Question: Assume the earth’s orbit around the sun is circular and the distance between their centres is \( D \...

Question

Assume the earth’s orbit around the sun is circular and the distance between their centres is $D$ . Mass of the earth is $M$ and it’s radius is $R$ . If earth has an angular velocity ${\omega _ \circ }$ with respect to its centre and $\omega$ with respect to the centre of the sun, the total kinetic energy of the earth is:
A. $\dfrac{{M{R^2}{\omega _ \circ }^2}}{5}[1 + {(\dfrac{\omega }{{{\omega _ \circ }}})^2} + \dfrac{5}{2}{(\dfrac{{D\omega }}{{R{\omega _ \circ }}})^2}]$
B. $\dfrac{{M{R^2}{\omega _ \circ }^2}}{5}[1 + \dfrac{5}{2}{(\dfrac{{D\omega }}{{R{\omega _ \circ }}})^2}]$
C. $\dfrac{2}{5}M{R^2}{\omega _ \circ }[1 + \dfrac{5}{2}{(\dfrac{{D\omega }}{{R{\omega _ \circ }}})^2}]$
D. $\dfrac{2}{5}M{R^2}{\omega _ \circ }^2[1 + {(\dfrac{\omega }{{{\omega _ \circ }}})^2} + \dfrac{5}{2}{(\dfrac{{D\omega }}{{R{\omega _ \circ }}})^2}]$

Answer 1

Solution

To solve this question, first we will rewrite the given facts of the question. and then we will write the formula of Kinetic Energy as the Translational, Rotational and Revolutional Kinetic Energy is included.

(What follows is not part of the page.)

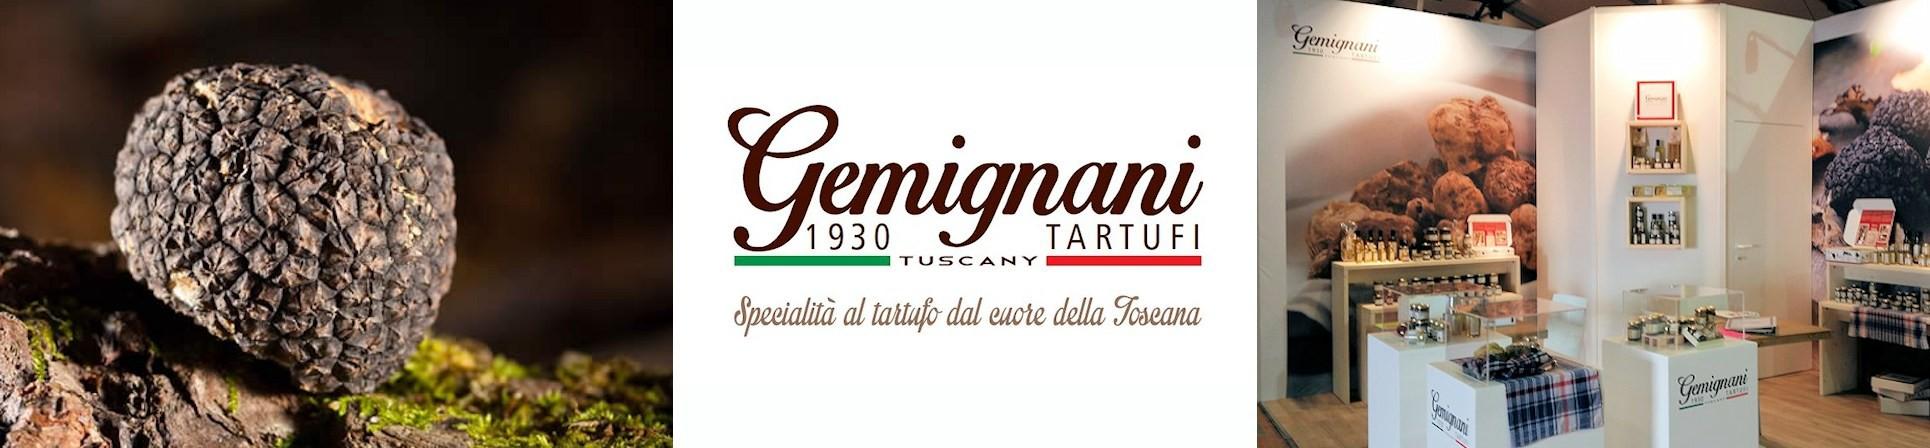 Gemignani Tartufi, terra di Toscana - vendita online
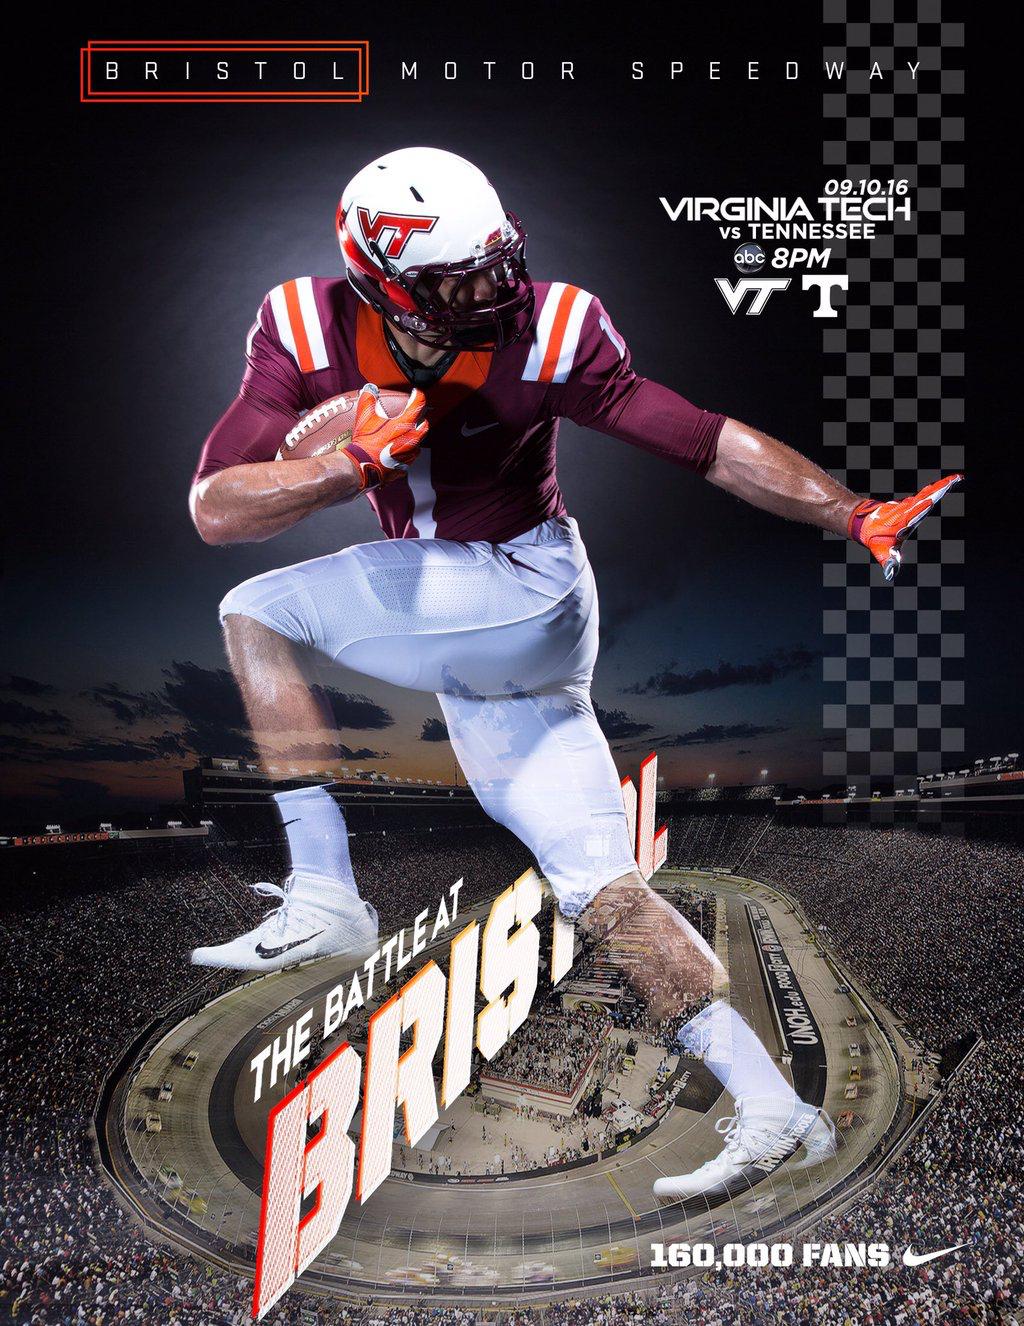 Virginia Tech Sports design, Football pictures, Bristol

Complete step by step solution:
Given facts-
Distance between the centres of earth and the sun is $D$ .
Mass of the Earth is $M$ .
Radius of the Earth is $R$ .
Angular Velocity of the earth is ${\omega _ \circ }$ with respect to it’s centre.
And, Angular Velocity of the earth is $\omega$ with respect to the centre of the sun.
Now, we will find the total kinetic energy of the earth.
So, $Total\,Kinetic\,Energy = K.{E_{Translational}} + K.{E_{Rotational}} + K.{E_{\operatorname{Re} volutional}}$
$K.E = \dfrac{1}{2}M{V^2} + \dfrac{1}{2}I{\omega ^2} + \dfrac{1}{2}I{\omega _ \circ }^2$
here, $I$ is the moment of inertia of the earth.
$V$ is the linear velocity of earth with respect to sun $= \omega D$
$I = \dfrac{2}{5}M{R^2}$
Now,
$K.E = \dfrac{1}{2}M{\omega ^2}{D^2} + \dfrac{1}{2}.\dfrac{2}{5}M{R^2}{\omega ^2} + \dfrac{1}{2}.\dfrac{2}{5}M{R^2}{\omega _ \circ }^2$
(taking $\dfrac{{M{R^2}{\omega _ \circ }^2}}{5}$ as common)
$K.E = \dfrac{{M{R^2}{\omega _ \circ }^2}}{5}({(\dfrac{{d\omega }}{{R{\omega _ \circ }}})^2}(\dfrac{5}{2}) + 1 + {(\dfrac{\omega }{{{\omega _ \circ }}})^2})$
or,
$K.E = \dfrac{{M{R^2}{\omega _ \circ }^2}}{5}[1 + {(\dfrac{\omega }{{{\omega _ \circ }}})^2} + \dfrac{5}{2}{(\dfrac{{D\omega }}{{R{\omega _ \circ }}})^2}]$
Hence, the correct option is A. $\dfrac{{M{R^2}{\omega _ \circ }^2}}{5}[1 + {(\dfrac{\omega }{{{\omega _ \circ }}})^2} + \dfrac{5}{2}{(\dfrac{{D\omega }}{{R{\omega _ \circ }}})^2}]$ .

Note:
The kinetic energy due to the rotation of an object is part of its total kinetic energy. Rotational kinetic energy is directly proportional to the rotational inertia and the square of the magnitude of the angular velocity. A rolling object has both translational and rotational kinetic energy.